# [Problem to work on]
Pictures stay out; print the rest of the listing below exactly as it stands.

Top of Information provided

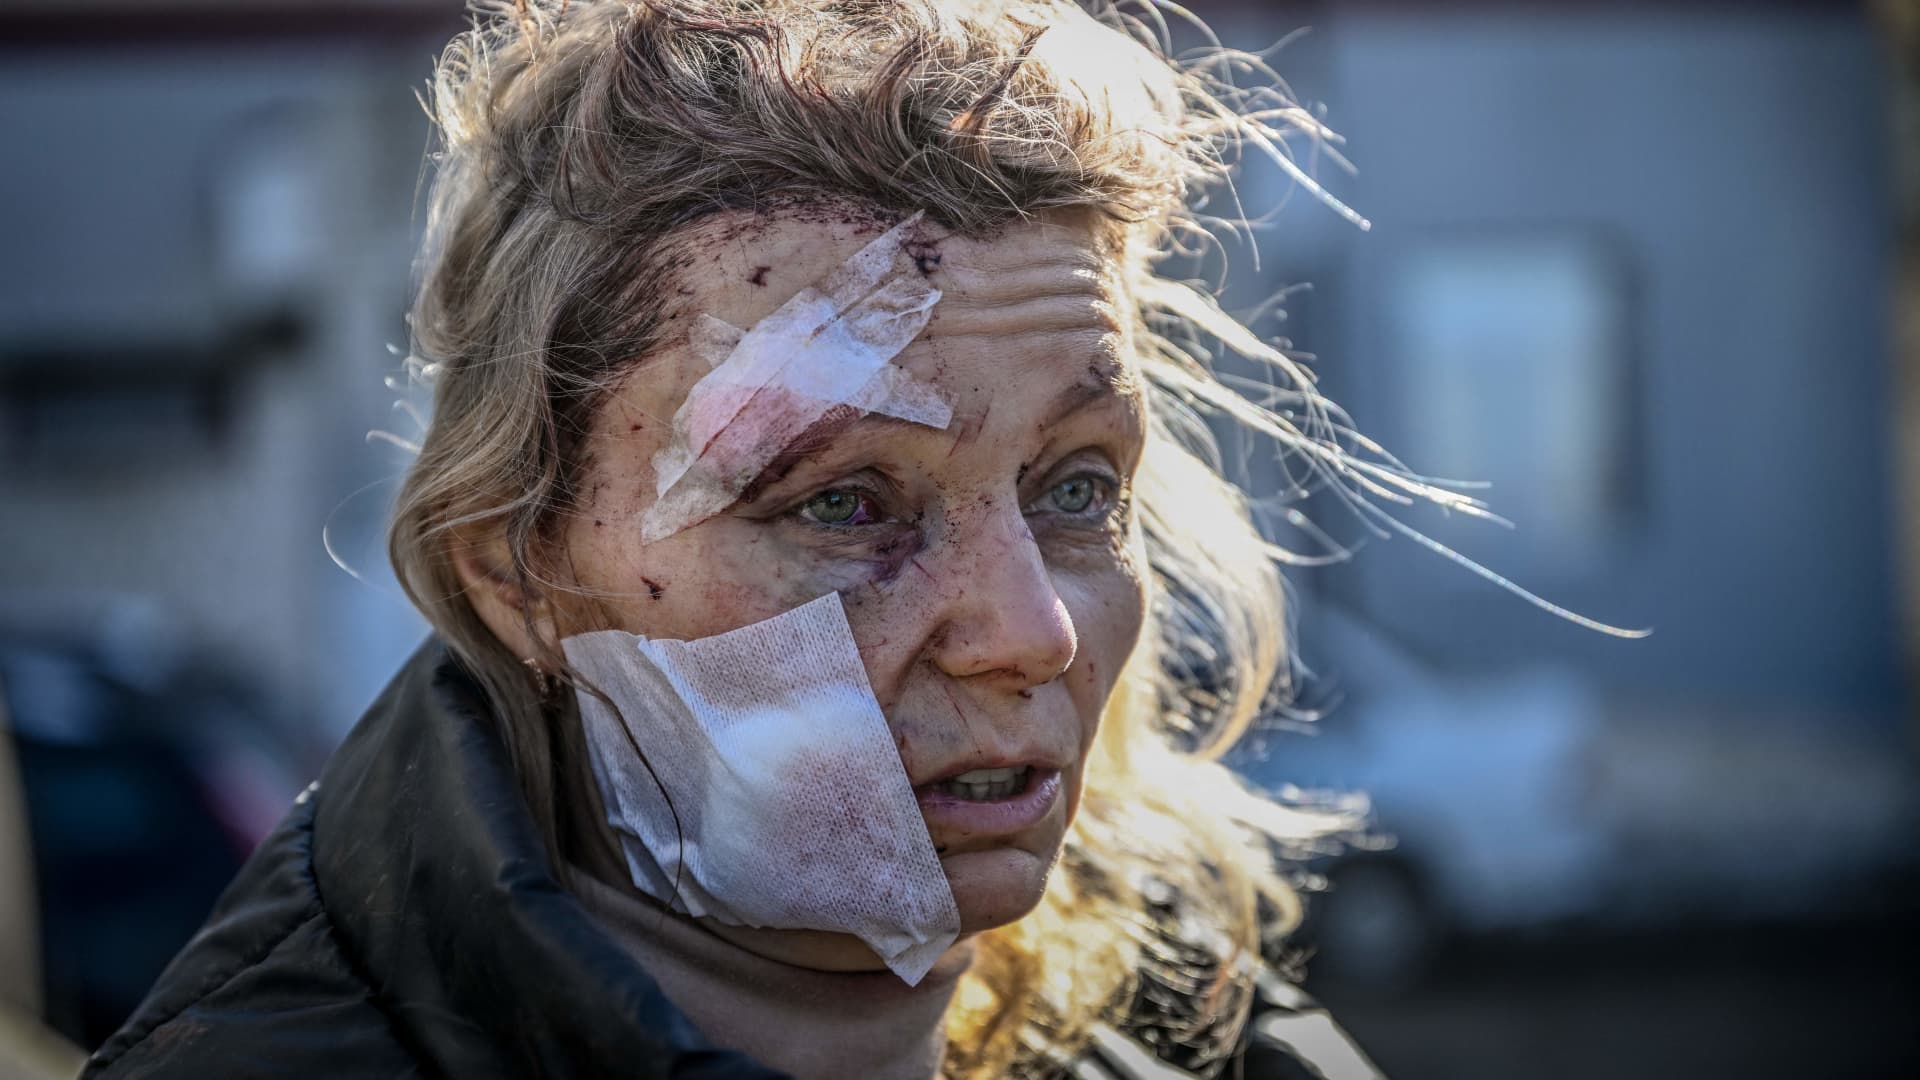 Olena Kurylo, a 52-year-old teacher, stands outside a hospital after the bombing of the eastern Ukraine town of Chuguiv on Feb. 24, 2022. Russian armed forces attempted to invade Ukraine from several directions, using rocket systems and helicopters to attack Ukrainian position in the south, the border guard service said.
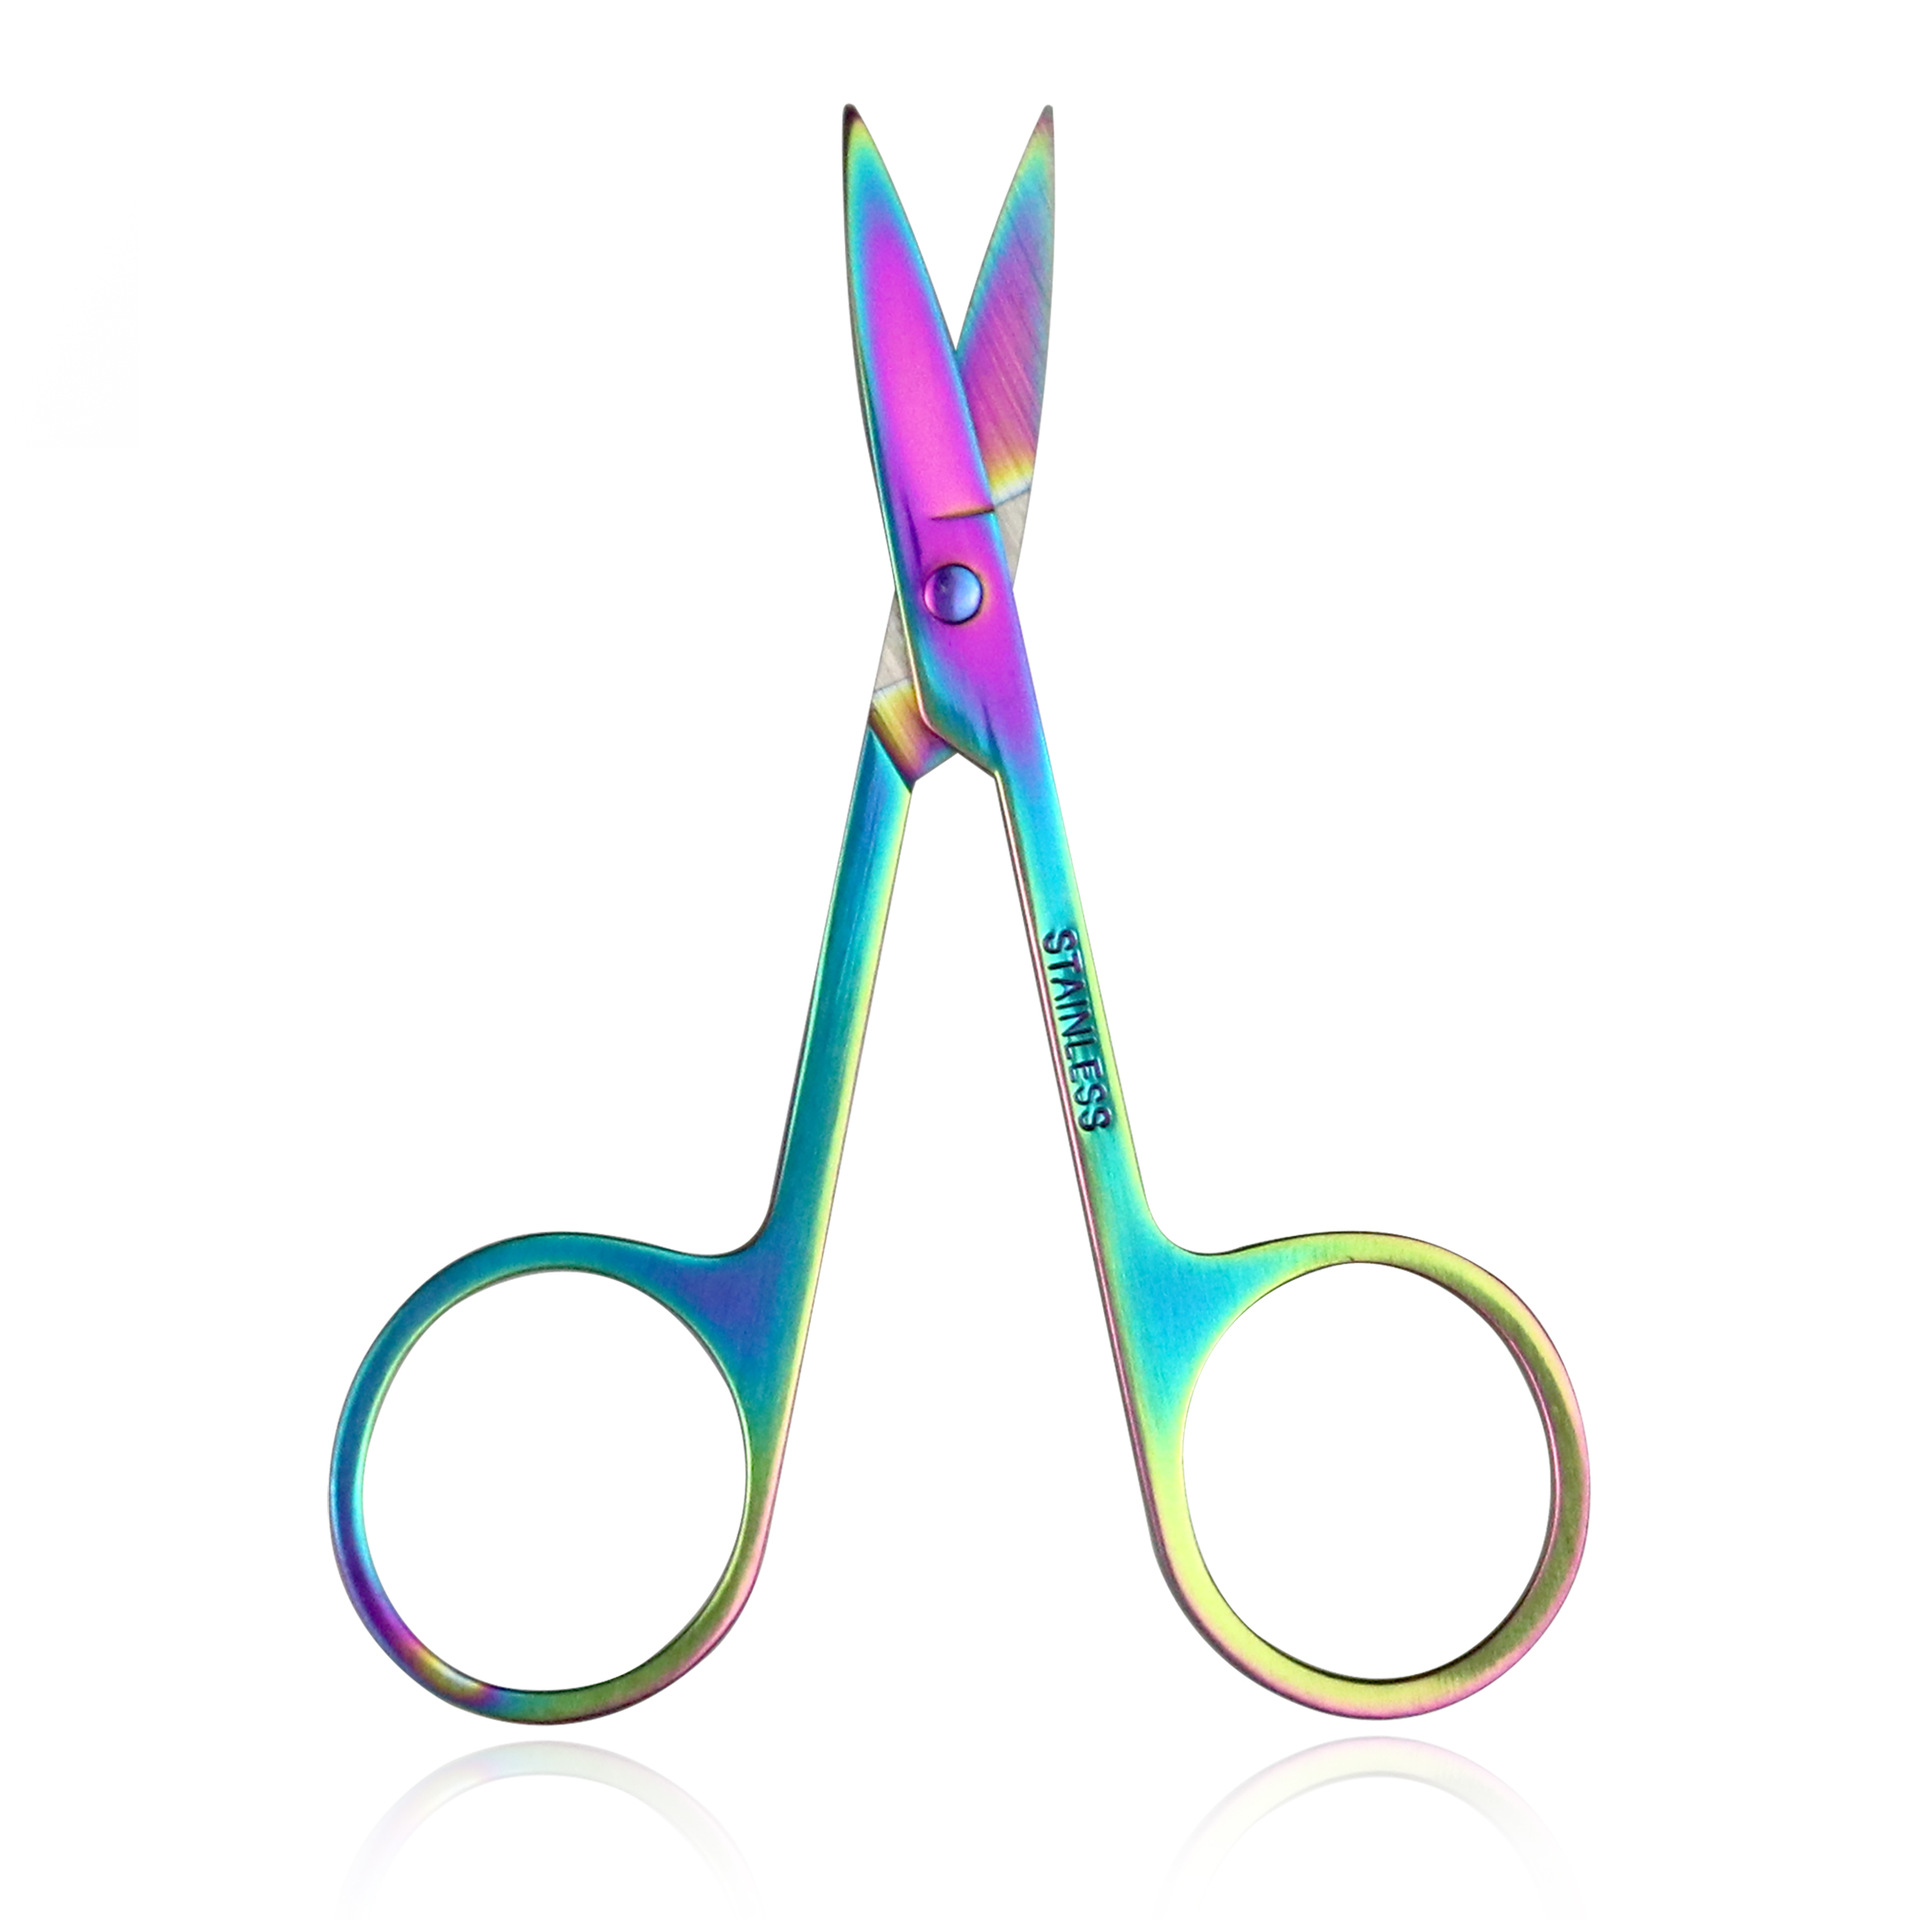 Stainless Steel Crane Scissors Eyebrow Trimming Scissors Electroplating  Colorful Small Scissors
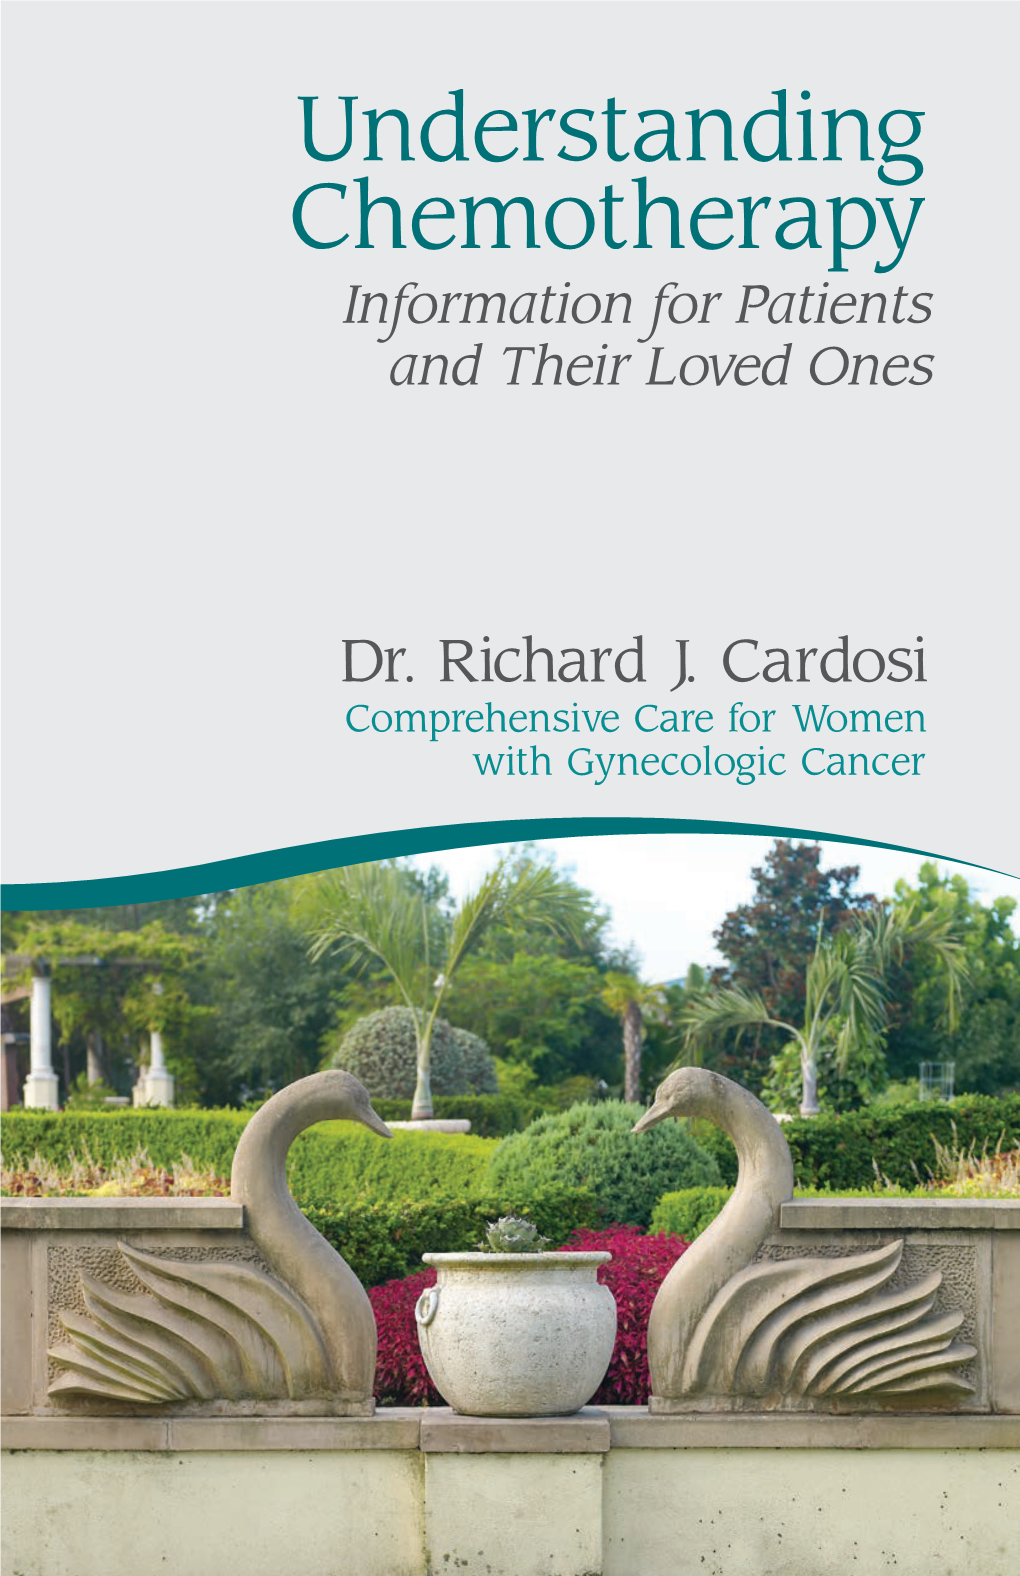 Understanding Chemotherapy Information for Patients and Their Loved Ones

Bottom of Information provided

# [Written answer]
 Olena Kurylo, a 52-year-old teacher, stands outside a hospital after the bombing of the eastern Ukraine town of Chuguiv on Feb. 24, 2022. Russian armed forces attempted to invade Ukraine from several directions, using rocket systems and helicopters to attack Ukrainian position in the south, the border guard service said.
 Stainless Steel Crane Scissors Eyebrow Trimming Scissors Electroplating  Colorful Small Scissors
 Understanding Chemotherapy Information for Patients and Their Loved Ones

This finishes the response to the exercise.